Idea 1
From Common Sense to Uncommon Understanding
How can you understand societies and systems that are too vast, too tangled, and too unpredictable for intuition alone? In Everything Is Obvious (Once You Know the Answer), Duncan Watts argues that the very thing that guides you through daily life—common sense—becomes misleading when you use it to explain complex social behaviors. Common sense gives you local navigation tools: it tells you how to act in an elevator or at a dinner party, but it fails dramatically when you try to scale those insights into general rules for nations, economies, or cultures.
Watts’s core message is bold: your intuitions, stories, and post-hoc explanations feel reliable only because they fit local contexts. When you move from elevators to entire cities or economies, those same instincts gloss over hidden interactions, sampling biases, cumulative feedbacks, and chance events. To really grasp how societies work—and to make better decisions—Watts invites you to combine systematic data, experiments, and network thinking with humility about what you can and cannot know.
The problem with common sense
Common sense works by analogy. You recall similar situations and map current experience to past ones—an approach that is fast and adaptive. But it is also narrow: what feels obvious depends on local norms and shared assumptions. Those assumptions fail when you move beyond familiar contexts. For example, planners who designed high-modernist housing projects like Chicago’s Robert Taylor Homes relied on intuitive reasoning—symmetry, order, efficiency—without grasping how residents’ social networks functioned. The result was disaster.
Watts shows that intuitive stories are seductive but unscientific. Once an outcome occurs, every explanation feels obvious: you construct circular “of course” narratives after the fact, ignoring alternative paths that could have happened. Lazarsfeld’s famous wartime study—the American Soldier project—revealed findings opposite to expectations; both the correct and incorrect findings seemed equally “obvious” when framed after the fact. That paradox between foresight and hindsight is the trap Watts wants you to escape.
Hidden influences and psychological biases
You think people choose rationally or according to culture, yet studies show how subtle contexts redefine decisions. Defaults determine organ donation rates; fonts affect truth judgments; and even random numbers influence bids in auctions (anchoring). Your environment silently shapes choices more than your motivations do. This means that both everyday explanations (“Germans are different from Austrians”) and political theories that assume stable preferences ignore how small features—like opt-in boxes or unseen cues—steer mass behavior.
Micro meets macro: emergence and feedback
Much of social reality arises from interaction rather than intention. Granovetter’s riot model shows that collective outcomes depend on threshold distributions, not single decisions. A minor change in one person’s tolerance can flip an entire system from calm to chaos. Likewise, cumulative advantage makes lucky breaks look like merit—how a stolen Mona Lisa became famous through historical accidents, not inherent brilliance. The myth of influencers stems from similar errors: what looks like personal genius often reflects conditions ripe for contagion and many small actions aligning at once.

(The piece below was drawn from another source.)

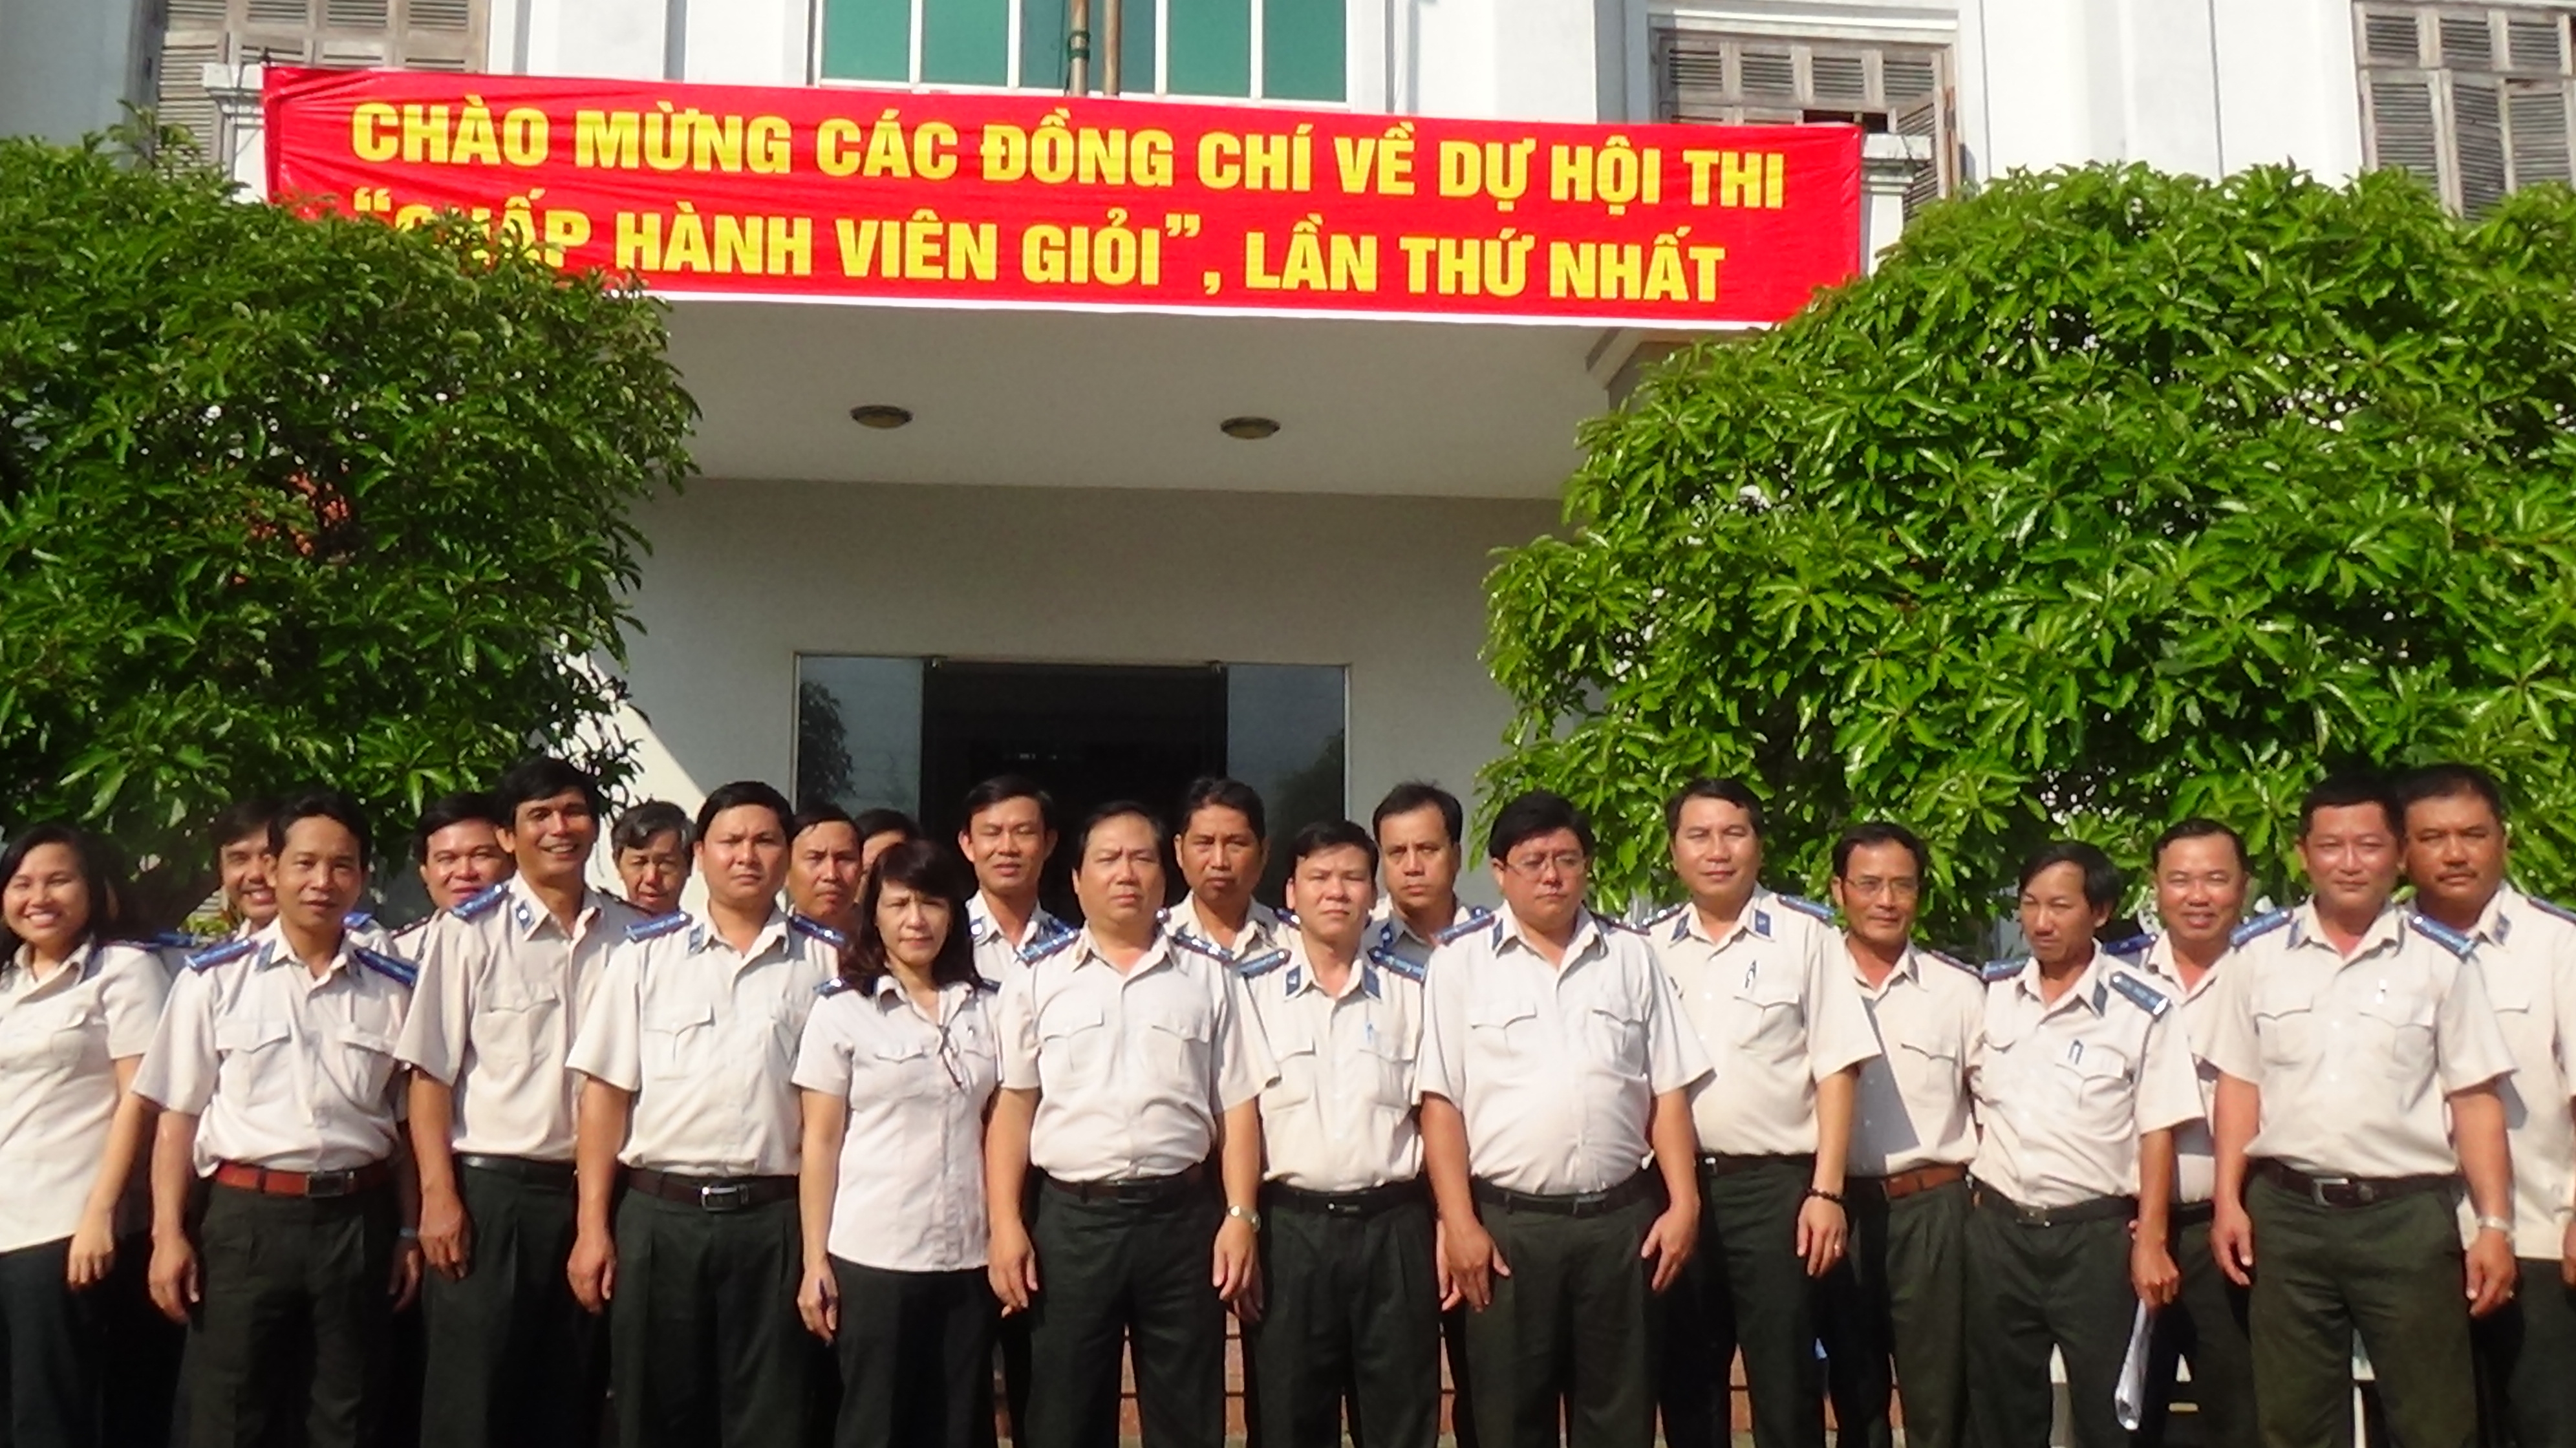 Cục THADS tỉnh Phú Yên tổ chức Hội thi Chấp hành viên giỏi lần thứ nhất

Learning from history and predicting the future
Stories about success and failure usually emerge afterward, shaped by hindsight bias and sampling errors. You remember “important” events but ignore countless similar cases that led nowhere. The temptation is to treat outcomes—wars, elections, viral hits—as inevitable. Watts cautions that historical narratives, though useful, are hypotheses about what might have mattered, not proofs of mechanism. Recognizing this uncertainty prepares you for the next challenge: prediction.
In predicting social phenomena, deterministic models like Laplace’s demon collapse because interactions multiply and randomness matters. You can forecast probabilities for repeatable patterns (e.g., sales cycles) but not unique events (e.g., revolutions). The rational stance is humility: design flexible strategies, test hypotheses, and use probabilities and experiments rather than fixed predictions.
A path toward uncommon sense
The rest of Watts’s argument builds on this foundation. You move from intuition to systematic empiricism: use randomization to isolate causes, measure behavior directly through digital tools, and treat planning as adaptive learning rather than clairvoyance. “Measure and react” replaces “predict and control.” Zara’s fast-fashion model, Yahoo!’s A/B testing, and Google’s search-based trend analysis show that continual measurement beats sophisticated forecasting. Meanwhile, strategies that emphasize flexibility—like Raynor’s scenario planning or Hayek’s decentralized knowledge—help you thrive amid uncertainty.
Ultimately, Watts’s uncommon sense asks you to combine data, experiments, and humility. Admit what you cannot foresee, expose your assumptions to evidence, and embrace feedback loops that let you adjust. Doing so transforms your understanding of how societies work—from a comforting world of causal stories to a complex, probabilistic system that you can learn from but never fully predict.